751 F. Supp. 1373

LEVIN-RICHMOND TERMINAL CORPORATION, Plaintiff, v. INTERNATIONAL LONGSHOREMEN’S AND WAREHOUSEMEN’S UNION, LOCAL 10, et al., Defendants.

No. C-90-1460 SAW.

United States District Court, N.D. California.

Nov. 29, 1990.

*1374Mark R. Thierman, Wendy A. Cheit and Carole E. Seliger, Thierman, Cook, Brown & Prager, San Francisco, Cal., for plaintiff.

William H. Carder, Leonard, Carder, Nathan, Zuckerman, Ross, Chin & Remar, San Francisco, Cal., for defendants.

MEMORANDUM AND ORDER

WEIGEL, District Judge.

This suit by plaintiff Levin-Richmond Terminal Corporation (“LRT”) against International Longshoremen’s and Ware-housemen’s Union Locals 10, 34, and 91 and their agents (collectively “ILWU”) revolves around a Memorandum of Understanding (“MOU”) entered into by plaintiff and defendants on June 30, 1983. Plaintiff contends that the MOU is illegal and unenforceable because it provides that four ILWU members, whom plaintiff refers to as “ghosts,” will receive compensation based upon work performed by LRT employees who are members of Operating Engineers Local 3 (“Local 3”), not ILWU. Plaintiff claims that defendants’ allegedly extortionate conduct which led to the signing of the MOU, coupled with defendants’ alleged threats of violence and labor unrest if plaintiff did not honor the agreement, constitute a pattern of unlawful racketeering activity, in violation of the Racketeer Influenced and Corrupt Organizations Act (“RICO”), 18 U.S.C. §§ 1961 et seq.

An understanding of the labor dispute between plaintiff and defendants in late 1982-early 1983 is essential to decide the motions before the Court.

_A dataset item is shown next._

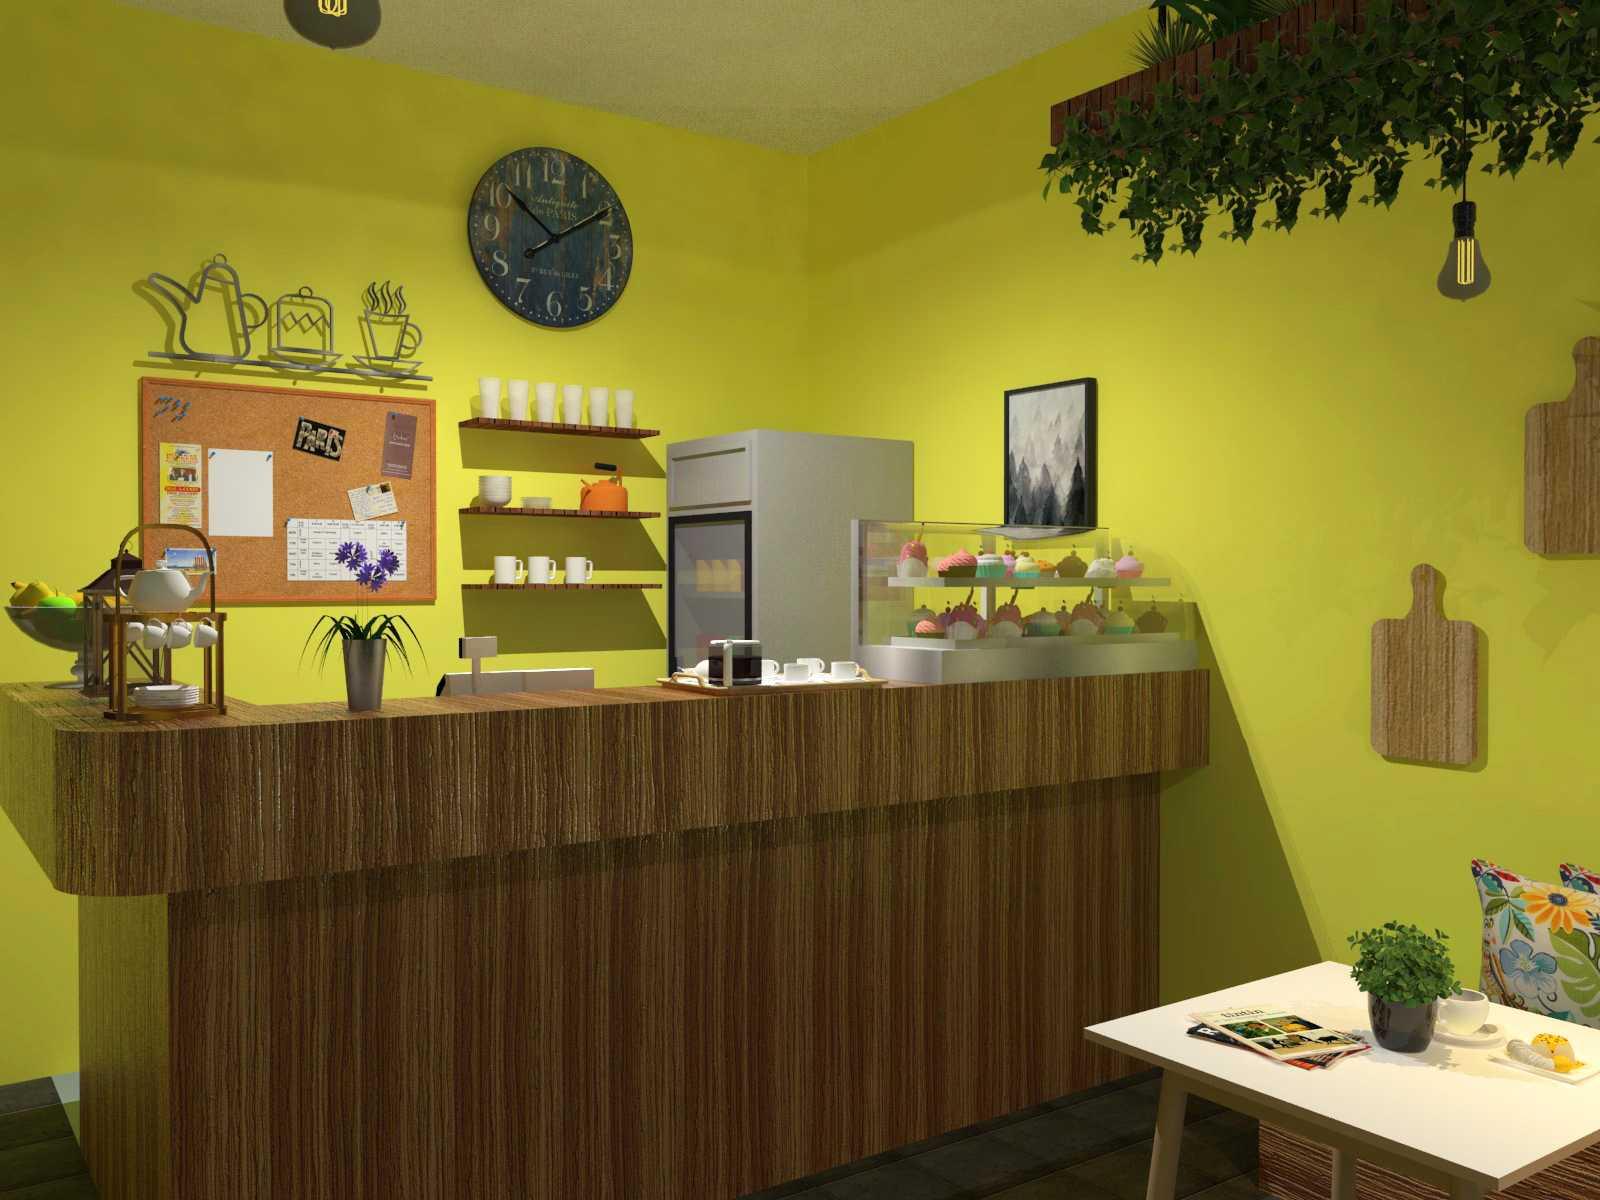 San.id Studio Alle's Cafe And Pastry Samarinda, Kota Samarinda, Kalimantan Timur, Indonesia Samarinda, Kota Samarinda, Kalimantan Timur, Indonesia Sanid-Studio-Alles-Cafe-And-Pastry  57973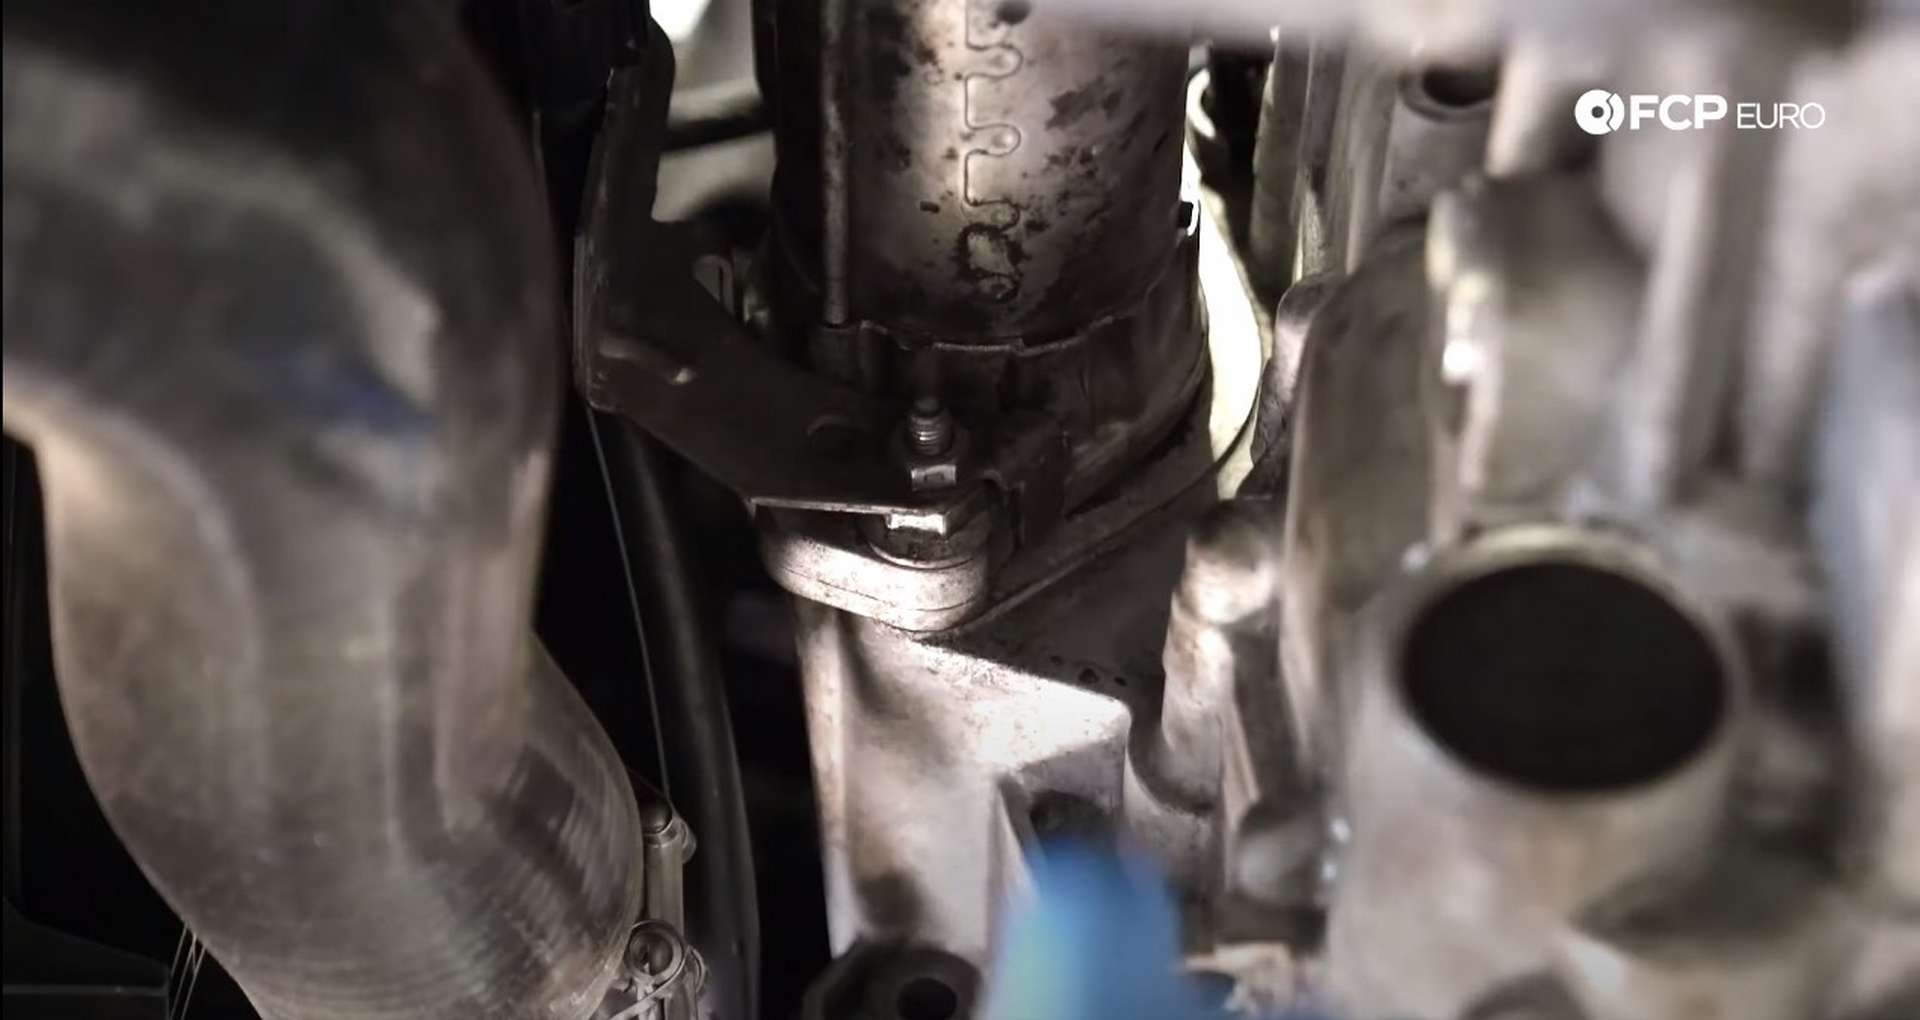 21-DIY_VW_GTI_Clutch-Job-Draining-Fluids

LRT is a cargo-loading business located at the Port of Richmond, in Richmond, California. In December 1982 LRT was party to a collective bargaining agreement with Local 3 providing for the loading and unloading of cargo at its Richmond facility. That month ILWU lay claim to this work and picketed plaintiff at its facility. This picketing led plaintiff to file unfair labor practice charges against ILWU with the National Labor Relations Board (“NLRB”). Plaintiff and ILWU settled the dispute, with the union locals disclaiming the loading and unloading work, but reserving their right to picket barges or ships which have historically employed, but are not currently employing, ILWU workers.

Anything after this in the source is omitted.